+++ Raw data +++

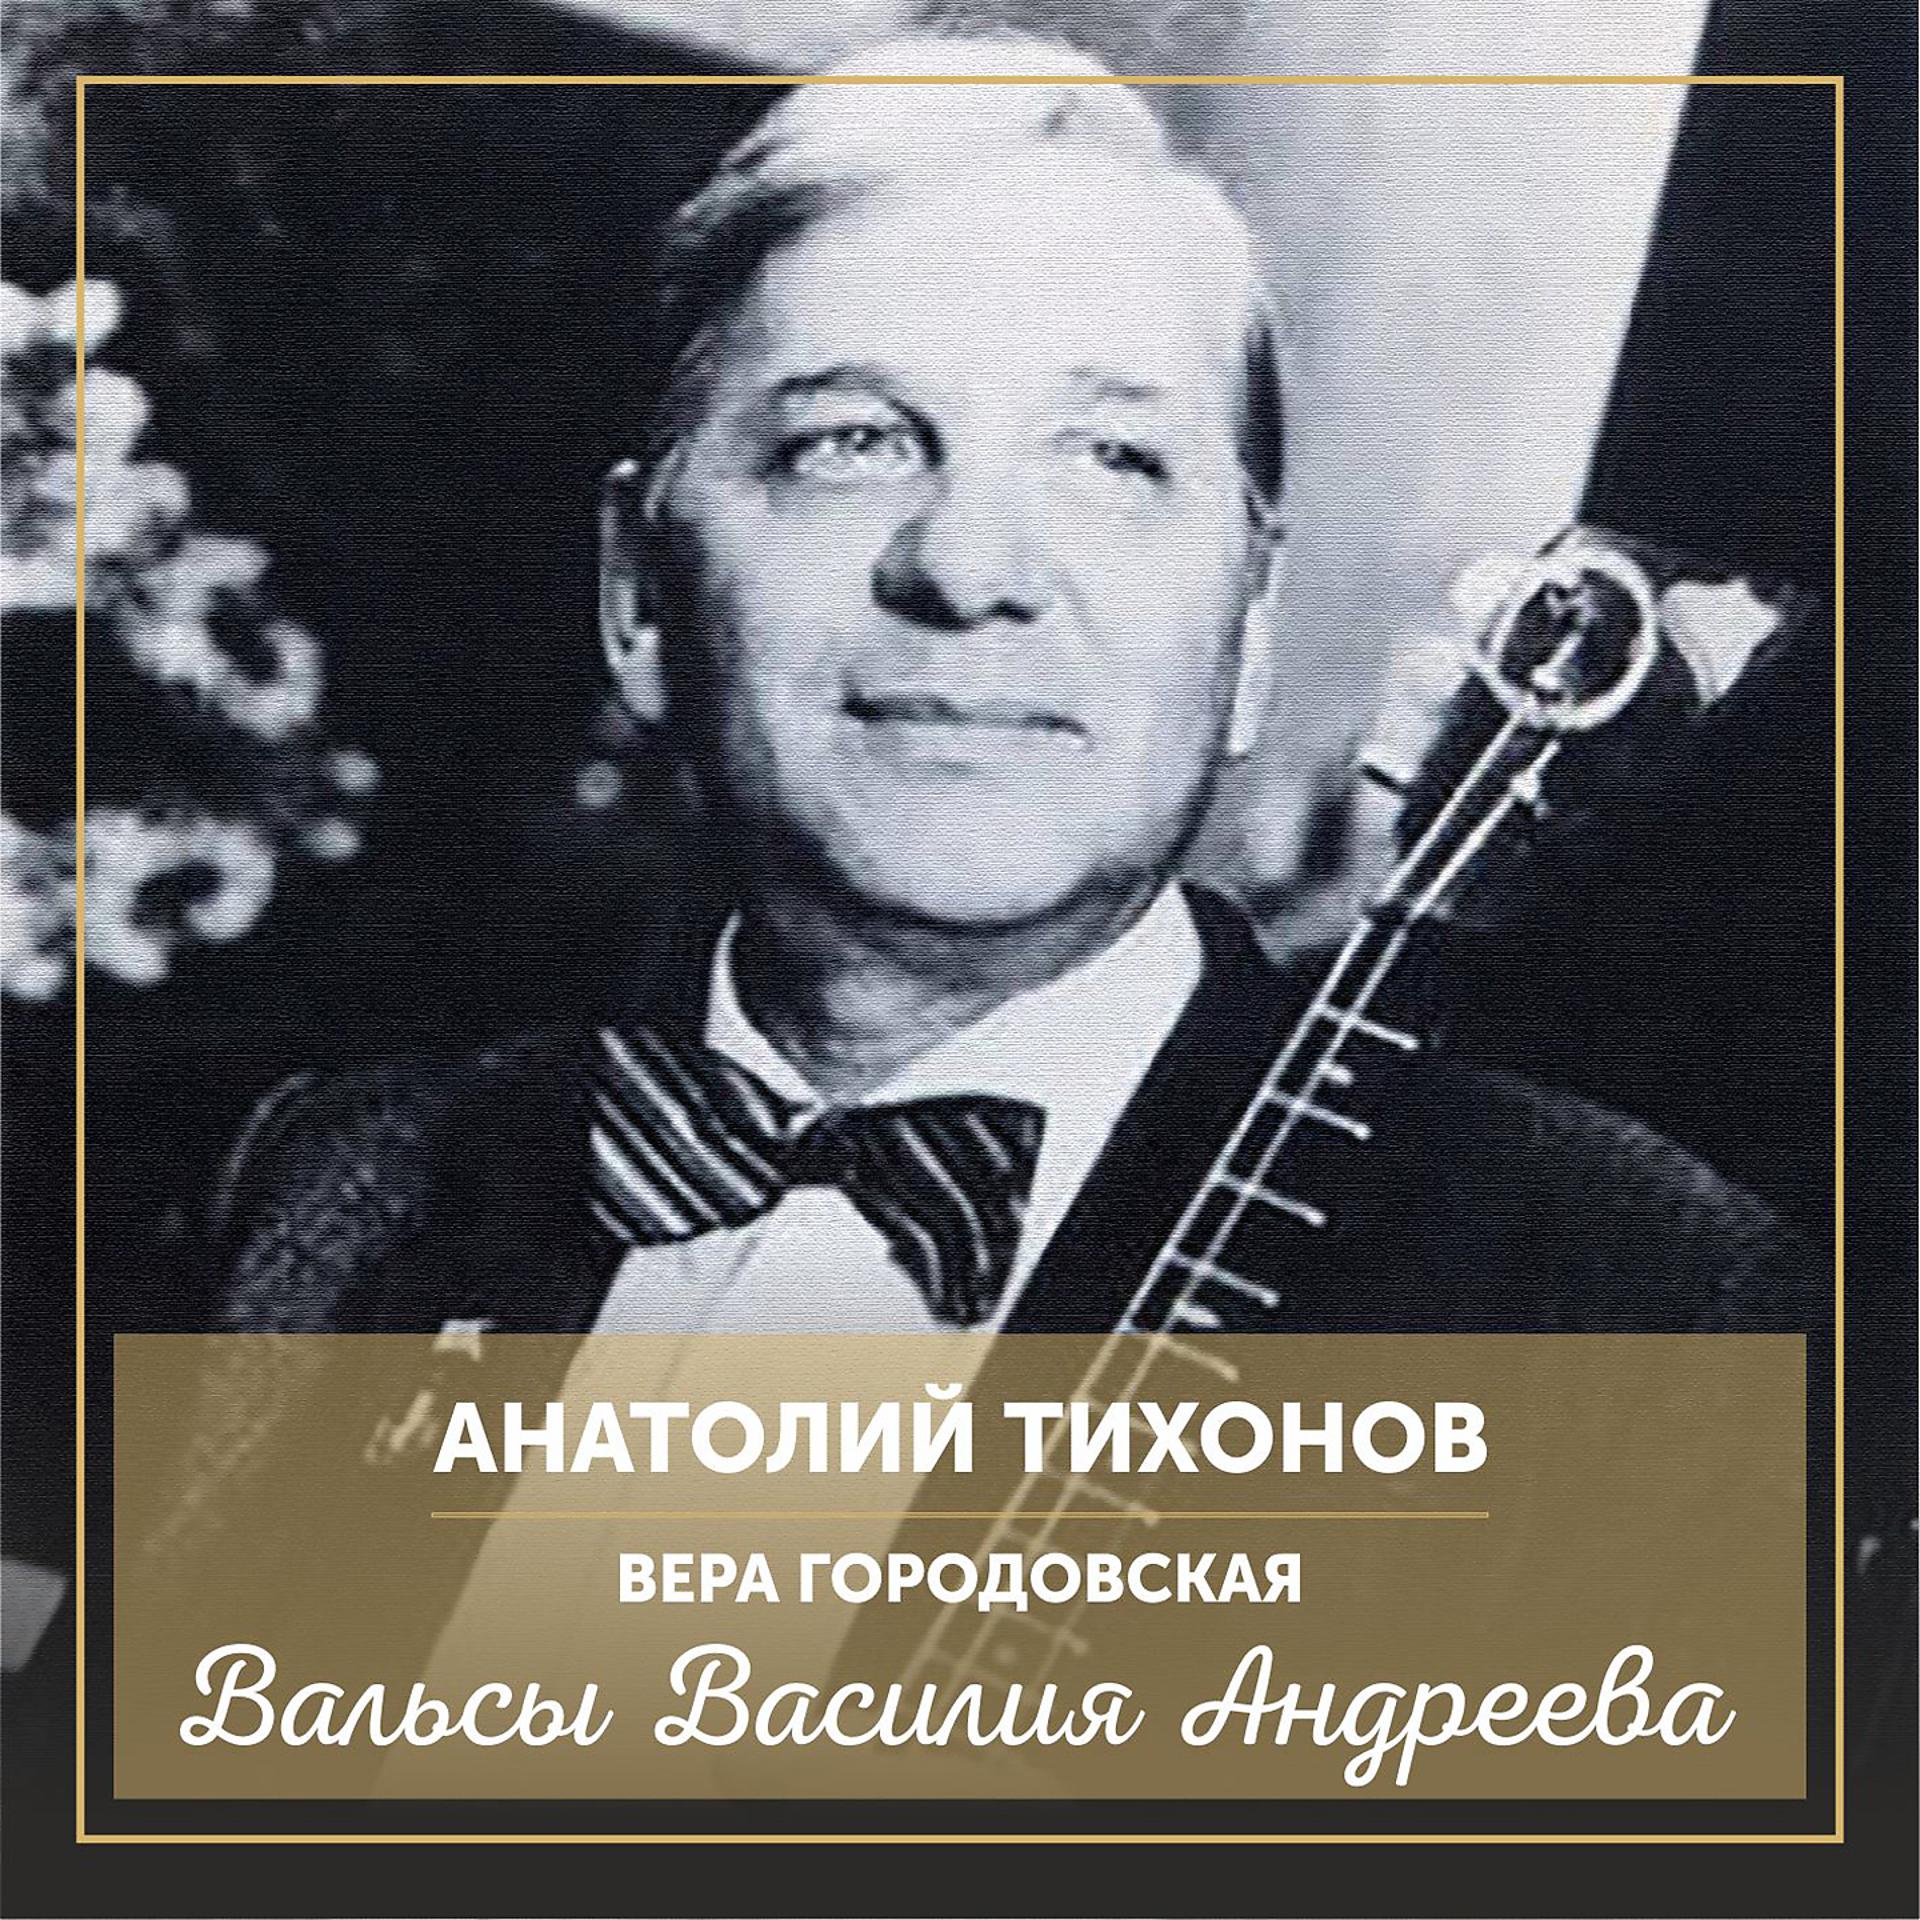 Постер к треку Анатолий Тихонов - Гармоника
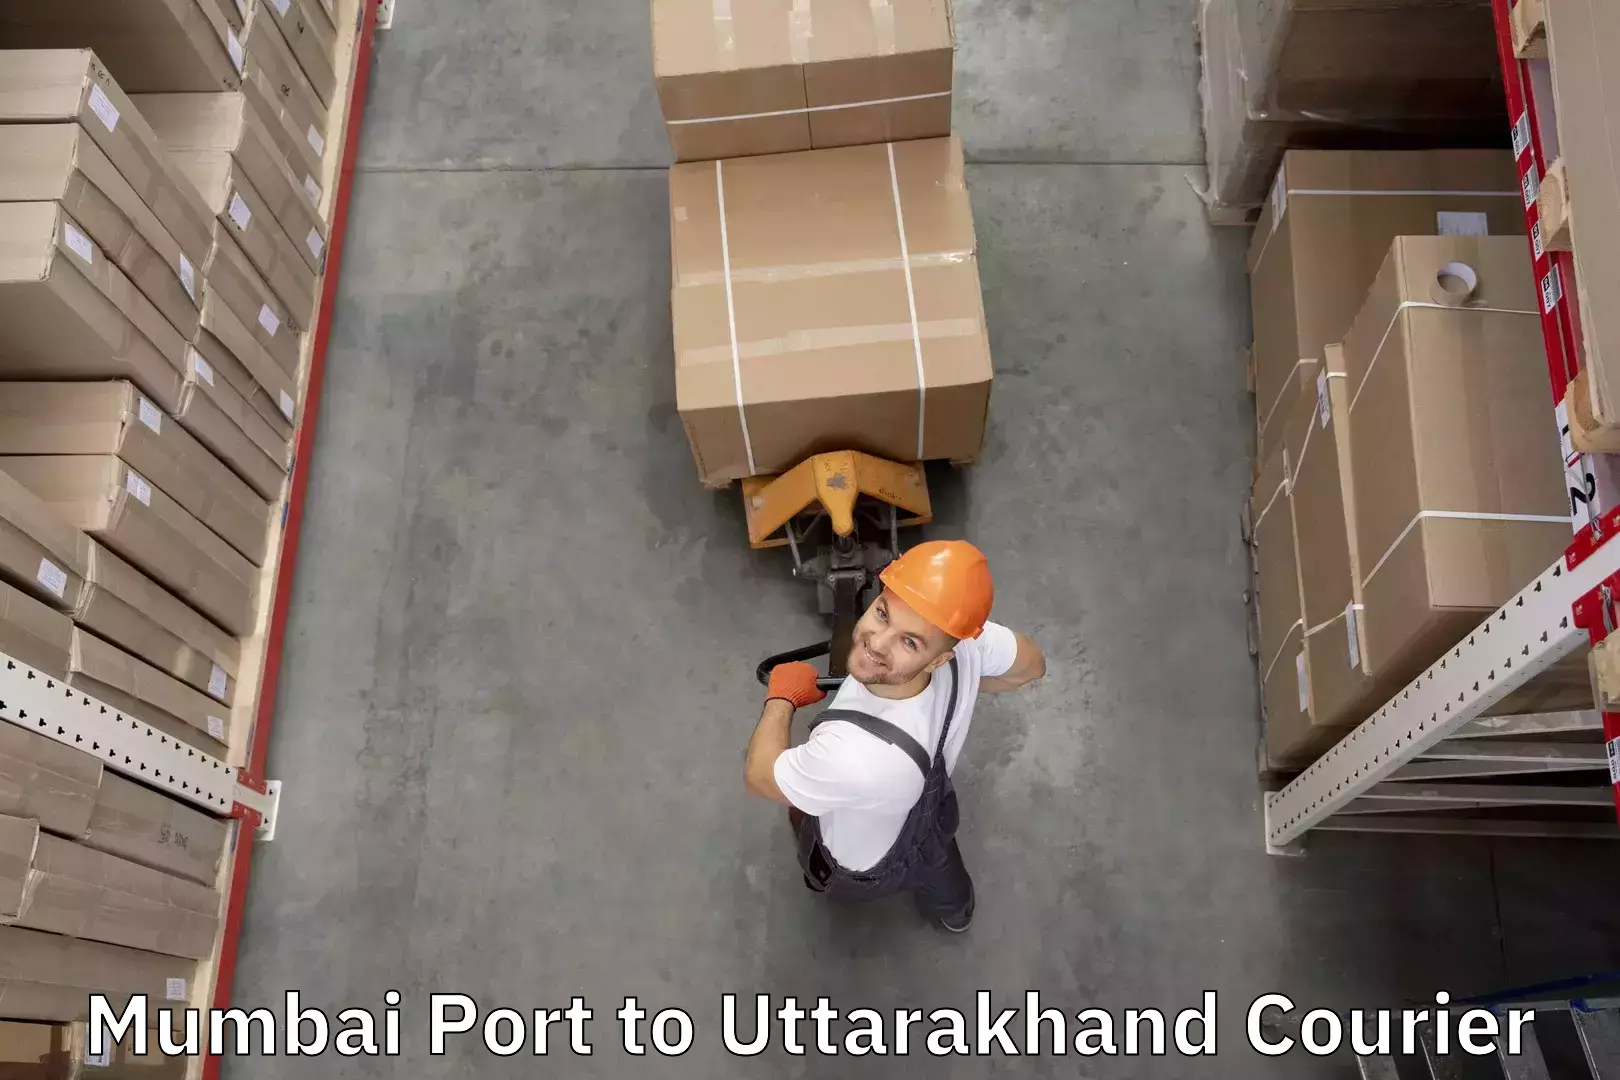 Luggage shipment tracking Mumbai Port to Gopeshwar
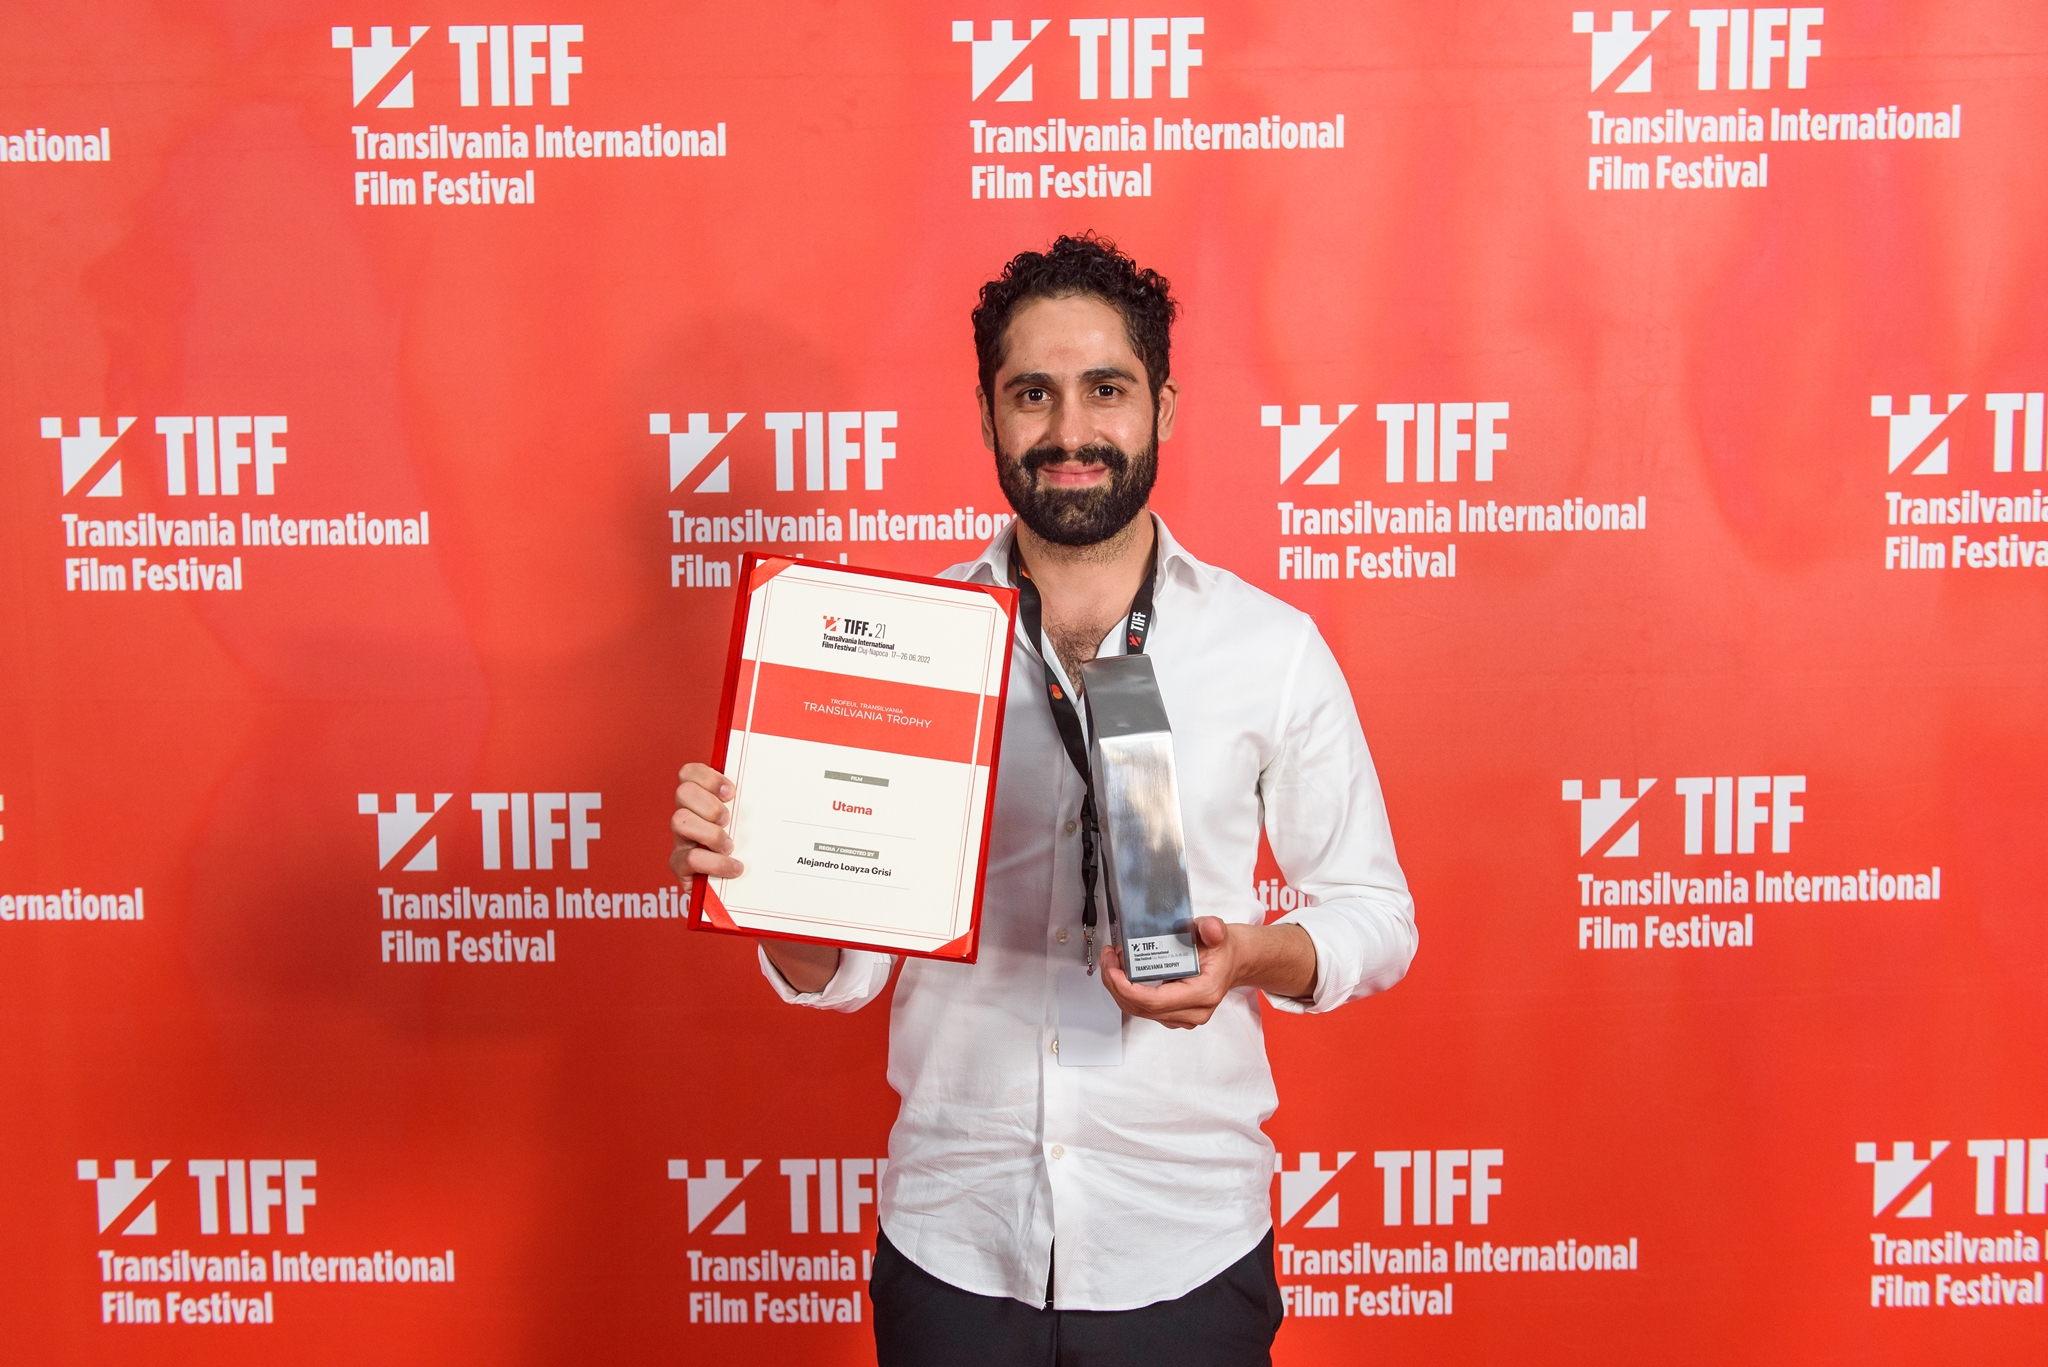 Bolivijos filmas laimėjo Grand Prix Transilvanijos tarptautiniame kino festivalyje – TIFF21

+++

## What this task involves
Your task is to output the material word for word while leaving out every image.

## Response area
 Постер к треку Анатолий Тихонов - Гармоника
 Luggage shipment tracking Mumbai Port to Gopeshwar
 Bolivijos filmas laimėjo Grand Prix Transilvanijos tarptautiniame kino festivalyje – TIFF21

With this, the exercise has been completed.